Butler County Dog Warden Julie Holmes says the bill is long overdue. “It’s not that they’re anymore or less aggressive than any other breed of dog, there is just more numbers of them than any other breed of dog,” said Holmes.

Ohio law currently defines a vicious dog as one that hurts or kills a person, kills another dog or is among those commonly known as pit bulls.

Despite the fact that his five-year-old son was bitten by a pit bull earlier this week, Middletown resident and dog owner Josh Schlaht agrees with Holmes. “I’ve always believed that it’s not the dog that makes bad decisions, its the owner that makes bad decisions training them,” said Schlaht.

House Bill 14 will now be considered by the Senate.

30 thoughts on “House Bill Spares Pit Bulls from Vicious Dog Designation”

  1. Just like people, some individual dogs don’t play well with others. I have never had a problem with a pit but I’ve had problems with an Australian Shepard at the dog park. The owner blamed my bulldog, a rottie, a ridgeback, a puggle and the other 20 or so other dogs it attacked before she recognized it was hers. A small child would be next. Responsible owners know the limits of their dog. Go after the owners not a breed.

  2. I am extremely hesitant to take my giant breed dog to the dog park. He is very friendly with other dogs and is not aggressive, but will defend himself. I am afraid of the idiot owners with badly behaved dogs will not only provoke him, but also blame him for starting a fight due to his sheer size (120 lbs at 19 months); unfortunately, we avoid them.

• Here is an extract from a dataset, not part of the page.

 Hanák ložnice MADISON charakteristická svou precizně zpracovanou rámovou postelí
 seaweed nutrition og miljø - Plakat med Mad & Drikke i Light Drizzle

    • Agreed. I have a rottweiler-mix dog (100ish lbs at 18 months) that I am hesitant to take around other dogs, not because he’ll “attack” them (more like lick them to death), but because of how many people I’ve encountered with untrained and/or aggressive dogs that think their pups can do no wrong.

      I think I’m more afraid of another pup hurting him than I am of him hurting another dog, but I still don’t wanna deal with the “well, you’re dog’s big and scary, so of course he started it.”

    • Yeah, my Akitas (and even my 100# Boxer who is often mistaken for a Pittie because of her size – which is really weird because they’re typically supposed to be 1/2 the size she is) get shunned when we’re around other dogs. I’m cautious because of the other pet parents’ not necessarily understanding. They’re great with people, even kids, but because many don’t understand, they’re not as socialized as they could be. Therefore, we, too, stay away from dog parks. 🙁

  3. @ kelly,
    your suggestion, walking with pits is, i think, a good one, but i would add first walking along with pits being walked by an experienced dog handler/trainer, then try taking the leash herself, still under guidance from the handler, until both she and the dog(s) feel comfortable together. it would take time but i think that would work out well in the end.